EXCERPTED RECORDS: Begin
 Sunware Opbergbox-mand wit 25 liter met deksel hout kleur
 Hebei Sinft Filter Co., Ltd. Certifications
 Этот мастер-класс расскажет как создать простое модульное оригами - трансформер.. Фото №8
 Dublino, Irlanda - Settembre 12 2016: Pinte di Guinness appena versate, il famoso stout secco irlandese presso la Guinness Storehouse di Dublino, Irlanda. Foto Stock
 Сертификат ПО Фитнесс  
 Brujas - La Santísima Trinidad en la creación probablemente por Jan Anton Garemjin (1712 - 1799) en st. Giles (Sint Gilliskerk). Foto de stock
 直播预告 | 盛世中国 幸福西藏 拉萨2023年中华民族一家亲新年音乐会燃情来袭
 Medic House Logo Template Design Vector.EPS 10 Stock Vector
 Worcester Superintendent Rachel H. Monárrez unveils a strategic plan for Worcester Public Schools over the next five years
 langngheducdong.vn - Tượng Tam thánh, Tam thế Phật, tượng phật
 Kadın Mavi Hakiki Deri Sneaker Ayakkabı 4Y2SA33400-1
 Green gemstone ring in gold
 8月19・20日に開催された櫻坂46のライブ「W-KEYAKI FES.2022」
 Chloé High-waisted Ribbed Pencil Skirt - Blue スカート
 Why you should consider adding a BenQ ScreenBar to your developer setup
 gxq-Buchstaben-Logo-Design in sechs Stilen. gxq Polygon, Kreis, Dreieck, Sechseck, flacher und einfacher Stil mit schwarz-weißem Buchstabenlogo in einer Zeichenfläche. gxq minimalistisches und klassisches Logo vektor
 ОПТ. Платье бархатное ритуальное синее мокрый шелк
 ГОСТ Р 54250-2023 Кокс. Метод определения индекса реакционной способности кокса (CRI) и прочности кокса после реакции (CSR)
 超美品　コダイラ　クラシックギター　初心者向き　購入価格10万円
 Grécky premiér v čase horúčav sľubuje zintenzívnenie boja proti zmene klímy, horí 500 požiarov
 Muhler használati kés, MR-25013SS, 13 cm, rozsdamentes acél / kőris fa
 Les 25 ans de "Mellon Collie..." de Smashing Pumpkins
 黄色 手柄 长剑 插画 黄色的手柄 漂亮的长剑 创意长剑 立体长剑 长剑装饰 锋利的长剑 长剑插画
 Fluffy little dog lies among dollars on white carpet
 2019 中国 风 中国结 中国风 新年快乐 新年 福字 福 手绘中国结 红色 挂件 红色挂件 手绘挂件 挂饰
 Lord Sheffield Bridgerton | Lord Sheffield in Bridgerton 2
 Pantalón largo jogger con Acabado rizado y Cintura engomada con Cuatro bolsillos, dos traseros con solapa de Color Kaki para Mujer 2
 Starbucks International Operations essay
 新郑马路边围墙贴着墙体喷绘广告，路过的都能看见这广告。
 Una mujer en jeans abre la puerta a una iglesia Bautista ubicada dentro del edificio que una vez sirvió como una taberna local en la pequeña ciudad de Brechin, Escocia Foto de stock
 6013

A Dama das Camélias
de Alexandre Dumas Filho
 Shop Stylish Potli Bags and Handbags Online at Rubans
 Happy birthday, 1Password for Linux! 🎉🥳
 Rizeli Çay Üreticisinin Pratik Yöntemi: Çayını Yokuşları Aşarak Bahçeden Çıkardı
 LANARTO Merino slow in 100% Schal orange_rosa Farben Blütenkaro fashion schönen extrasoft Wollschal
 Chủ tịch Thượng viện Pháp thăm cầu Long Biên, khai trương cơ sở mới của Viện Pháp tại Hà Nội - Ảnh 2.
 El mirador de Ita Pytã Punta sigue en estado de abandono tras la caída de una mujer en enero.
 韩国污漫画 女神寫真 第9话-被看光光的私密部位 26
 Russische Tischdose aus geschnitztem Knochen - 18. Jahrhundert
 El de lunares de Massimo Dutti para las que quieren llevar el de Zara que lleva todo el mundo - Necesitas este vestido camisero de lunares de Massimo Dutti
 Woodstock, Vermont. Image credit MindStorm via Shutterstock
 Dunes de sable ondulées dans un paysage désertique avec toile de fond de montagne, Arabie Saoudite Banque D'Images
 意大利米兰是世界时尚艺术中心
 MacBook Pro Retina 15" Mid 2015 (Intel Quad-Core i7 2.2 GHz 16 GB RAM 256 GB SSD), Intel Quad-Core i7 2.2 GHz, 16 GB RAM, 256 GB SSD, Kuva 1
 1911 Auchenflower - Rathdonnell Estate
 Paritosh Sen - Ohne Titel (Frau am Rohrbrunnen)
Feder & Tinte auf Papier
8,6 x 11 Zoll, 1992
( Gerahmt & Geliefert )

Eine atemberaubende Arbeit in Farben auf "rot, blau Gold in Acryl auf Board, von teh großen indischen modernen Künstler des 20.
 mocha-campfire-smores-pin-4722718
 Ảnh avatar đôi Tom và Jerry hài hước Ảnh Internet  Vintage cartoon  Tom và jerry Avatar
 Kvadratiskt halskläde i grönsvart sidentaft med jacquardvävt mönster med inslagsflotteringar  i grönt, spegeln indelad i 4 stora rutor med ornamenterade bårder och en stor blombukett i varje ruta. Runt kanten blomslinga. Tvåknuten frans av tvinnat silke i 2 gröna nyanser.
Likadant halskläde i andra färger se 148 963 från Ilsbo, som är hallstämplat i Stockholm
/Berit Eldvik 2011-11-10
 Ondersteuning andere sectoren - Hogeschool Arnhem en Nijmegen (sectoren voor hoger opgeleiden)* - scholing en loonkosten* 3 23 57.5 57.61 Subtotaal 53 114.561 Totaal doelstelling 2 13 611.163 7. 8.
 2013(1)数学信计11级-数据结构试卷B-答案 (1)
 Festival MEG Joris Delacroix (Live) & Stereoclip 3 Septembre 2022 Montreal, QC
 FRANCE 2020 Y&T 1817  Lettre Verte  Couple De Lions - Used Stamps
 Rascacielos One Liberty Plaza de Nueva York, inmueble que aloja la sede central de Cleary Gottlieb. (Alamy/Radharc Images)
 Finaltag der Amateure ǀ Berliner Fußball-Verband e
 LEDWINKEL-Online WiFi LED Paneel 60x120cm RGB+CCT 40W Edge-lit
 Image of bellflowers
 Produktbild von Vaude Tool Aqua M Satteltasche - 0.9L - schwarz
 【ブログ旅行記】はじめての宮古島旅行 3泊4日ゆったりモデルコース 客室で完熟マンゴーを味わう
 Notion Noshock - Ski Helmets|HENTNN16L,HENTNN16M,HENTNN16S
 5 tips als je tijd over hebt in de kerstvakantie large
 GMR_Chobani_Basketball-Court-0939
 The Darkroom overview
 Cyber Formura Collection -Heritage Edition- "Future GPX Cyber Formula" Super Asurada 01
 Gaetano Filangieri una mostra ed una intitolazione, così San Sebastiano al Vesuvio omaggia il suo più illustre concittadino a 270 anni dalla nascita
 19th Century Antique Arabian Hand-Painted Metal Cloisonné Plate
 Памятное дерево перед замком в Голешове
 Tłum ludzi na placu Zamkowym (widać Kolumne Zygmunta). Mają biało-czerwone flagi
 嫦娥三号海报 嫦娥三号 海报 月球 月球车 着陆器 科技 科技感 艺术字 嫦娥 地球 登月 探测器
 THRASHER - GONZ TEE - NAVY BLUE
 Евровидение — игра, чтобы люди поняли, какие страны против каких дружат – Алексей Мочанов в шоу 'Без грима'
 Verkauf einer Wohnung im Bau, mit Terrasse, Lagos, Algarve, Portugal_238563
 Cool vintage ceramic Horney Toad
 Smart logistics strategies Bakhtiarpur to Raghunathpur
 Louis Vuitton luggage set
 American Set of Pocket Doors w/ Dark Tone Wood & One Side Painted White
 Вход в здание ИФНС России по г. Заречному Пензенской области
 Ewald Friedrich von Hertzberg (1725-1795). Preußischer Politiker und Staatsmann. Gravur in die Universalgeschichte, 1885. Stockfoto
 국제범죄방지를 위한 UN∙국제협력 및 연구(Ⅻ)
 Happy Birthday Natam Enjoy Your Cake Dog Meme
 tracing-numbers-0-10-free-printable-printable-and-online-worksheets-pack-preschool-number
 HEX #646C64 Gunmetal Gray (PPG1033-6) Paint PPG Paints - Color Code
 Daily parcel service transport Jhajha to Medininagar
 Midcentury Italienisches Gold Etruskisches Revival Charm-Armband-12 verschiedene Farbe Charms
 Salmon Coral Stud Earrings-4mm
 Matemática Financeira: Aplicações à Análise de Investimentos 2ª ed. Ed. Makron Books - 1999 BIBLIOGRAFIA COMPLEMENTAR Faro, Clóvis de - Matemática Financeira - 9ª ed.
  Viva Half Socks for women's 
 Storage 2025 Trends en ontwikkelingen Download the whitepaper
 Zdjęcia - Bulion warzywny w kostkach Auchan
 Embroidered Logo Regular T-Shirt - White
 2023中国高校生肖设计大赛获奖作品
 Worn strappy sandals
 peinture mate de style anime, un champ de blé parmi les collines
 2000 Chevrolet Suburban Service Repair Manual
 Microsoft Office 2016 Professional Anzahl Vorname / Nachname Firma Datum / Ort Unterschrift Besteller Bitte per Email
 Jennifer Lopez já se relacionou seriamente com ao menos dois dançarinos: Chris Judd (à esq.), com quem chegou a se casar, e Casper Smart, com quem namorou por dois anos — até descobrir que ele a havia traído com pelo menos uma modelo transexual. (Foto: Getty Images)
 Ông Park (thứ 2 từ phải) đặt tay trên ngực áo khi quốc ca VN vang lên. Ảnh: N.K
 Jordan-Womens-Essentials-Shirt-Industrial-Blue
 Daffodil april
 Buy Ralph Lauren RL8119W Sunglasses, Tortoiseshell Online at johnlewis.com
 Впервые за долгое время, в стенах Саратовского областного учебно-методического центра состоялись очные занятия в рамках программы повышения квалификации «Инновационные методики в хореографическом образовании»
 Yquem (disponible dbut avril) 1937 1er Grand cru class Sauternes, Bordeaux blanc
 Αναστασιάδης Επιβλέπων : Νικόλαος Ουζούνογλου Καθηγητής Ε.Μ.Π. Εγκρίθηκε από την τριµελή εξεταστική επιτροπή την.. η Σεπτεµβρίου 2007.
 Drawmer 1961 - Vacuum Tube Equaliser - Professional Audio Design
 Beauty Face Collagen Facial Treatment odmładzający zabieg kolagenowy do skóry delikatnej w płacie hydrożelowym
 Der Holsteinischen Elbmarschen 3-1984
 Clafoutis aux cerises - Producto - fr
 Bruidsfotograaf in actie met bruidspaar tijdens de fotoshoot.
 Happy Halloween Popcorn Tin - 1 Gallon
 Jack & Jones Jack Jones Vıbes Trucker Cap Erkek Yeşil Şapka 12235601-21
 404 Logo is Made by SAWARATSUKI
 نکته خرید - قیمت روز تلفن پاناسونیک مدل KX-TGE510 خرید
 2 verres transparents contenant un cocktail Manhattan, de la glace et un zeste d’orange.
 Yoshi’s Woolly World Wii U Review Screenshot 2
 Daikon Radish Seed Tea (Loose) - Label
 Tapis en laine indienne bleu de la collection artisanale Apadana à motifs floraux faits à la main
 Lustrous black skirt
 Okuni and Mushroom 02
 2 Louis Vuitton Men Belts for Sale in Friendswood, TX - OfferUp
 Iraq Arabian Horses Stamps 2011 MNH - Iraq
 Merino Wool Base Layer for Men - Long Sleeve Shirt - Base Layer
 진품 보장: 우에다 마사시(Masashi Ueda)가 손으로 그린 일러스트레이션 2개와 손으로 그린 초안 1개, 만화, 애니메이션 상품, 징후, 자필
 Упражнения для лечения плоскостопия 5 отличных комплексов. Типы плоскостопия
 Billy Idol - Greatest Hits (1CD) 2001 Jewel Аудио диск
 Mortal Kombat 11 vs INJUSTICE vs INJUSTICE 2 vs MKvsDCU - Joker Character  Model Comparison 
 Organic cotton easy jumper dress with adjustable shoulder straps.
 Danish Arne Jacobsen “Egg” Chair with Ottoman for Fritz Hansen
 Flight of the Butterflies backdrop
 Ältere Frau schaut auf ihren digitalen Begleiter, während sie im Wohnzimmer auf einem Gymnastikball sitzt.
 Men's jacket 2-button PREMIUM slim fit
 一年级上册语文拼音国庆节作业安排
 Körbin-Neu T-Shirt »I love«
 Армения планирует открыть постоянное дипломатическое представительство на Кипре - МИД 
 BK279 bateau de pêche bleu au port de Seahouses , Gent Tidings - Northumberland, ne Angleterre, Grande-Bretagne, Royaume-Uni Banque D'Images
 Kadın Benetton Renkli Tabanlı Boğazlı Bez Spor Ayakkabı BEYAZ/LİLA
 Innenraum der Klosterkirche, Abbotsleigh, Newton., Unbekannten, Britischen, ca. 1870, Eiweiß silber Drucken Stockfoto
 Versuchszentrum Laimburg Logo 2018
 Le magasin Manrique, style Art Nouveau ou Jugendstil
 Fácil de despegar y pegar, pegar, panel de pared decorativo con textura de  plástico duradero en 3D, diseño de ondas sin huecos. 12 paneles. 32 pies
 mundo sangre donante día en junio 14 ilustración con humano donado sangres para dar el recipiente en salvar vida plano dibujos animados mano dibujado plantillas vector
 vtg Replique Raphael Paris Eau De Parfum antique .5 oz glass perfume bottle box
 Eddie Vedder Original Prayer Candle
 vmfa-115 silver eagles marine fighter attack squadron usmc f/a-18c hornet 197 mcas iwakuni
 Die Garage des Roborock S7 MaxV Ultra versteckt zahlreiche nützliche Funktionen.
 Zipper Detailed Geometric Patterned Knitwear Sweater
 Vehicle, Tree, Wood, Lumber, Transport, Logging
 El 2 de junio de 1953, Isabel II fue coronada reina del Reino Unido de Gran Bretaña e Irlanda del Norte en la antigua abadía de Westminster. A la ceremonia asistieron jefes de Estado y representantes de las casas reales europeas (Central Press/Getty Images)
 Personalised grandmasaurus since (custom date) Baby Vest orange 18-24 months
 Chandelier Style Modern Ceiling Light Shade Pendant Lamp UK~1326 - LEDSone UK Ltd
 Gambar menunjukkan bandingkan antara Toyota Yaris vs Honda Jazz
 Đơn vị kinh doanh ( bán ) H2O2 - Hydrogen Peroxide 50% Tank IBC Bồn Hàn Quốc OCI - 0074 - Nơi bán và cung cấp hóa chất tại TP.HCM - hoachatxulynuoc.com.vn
EXCERPTED RECORDS: End
## REQUIRED WORK
Copy the stretch of the records above that runs from the line with "ОПТ. Платье бархатное" through the line with "Pantalón largo jogger". Both end lines belong in the copy, and nothing else does.

## REPLY
 ОПТ. Платье бархатное ритуальное синее мокрый шелк
 ГОСТ Р 54250-2023 Кокс. Метод определения индекса реакционной способности кокса (CRI) и прочности кокса после реакции (CSR)
 超美品　コダイラ　クラシックギター　初心者向き　購入価格10万円
 Grécky premiér v čase horúčav sľubuje zintenzívnenie boja proti zmene klímy, horí 500 požiarov
 Muhler használati kés, MR-25013SS, 13 cm, rozsdamentes acél / kőris fa
 Les 25 ans de "Mellon Collie..." de Smashing Pumpkins
 黄色 手柄 长剑 插画 黄色的手柄 漂亮的长剑 创意长剑 立体长剑 长剑装饰 锋利的长剑 长剑插画
 Fluffy little dog lies among dollars on white carpet
 2019 中国 风 中国结 中国风 新年快乐 新年 福字 福 手绘中国结 红色 挂件 红色挂件 手绘挂件 挂饰
 Lord Sheffield Bridgerton | Lord Sheffield in Bridgerton 2
 Pantalón largo jogger con Acabado rizado y Cintura engomada con Cuatro bolsillos, dos traseros con solapa de Color Kaki para Mujer 2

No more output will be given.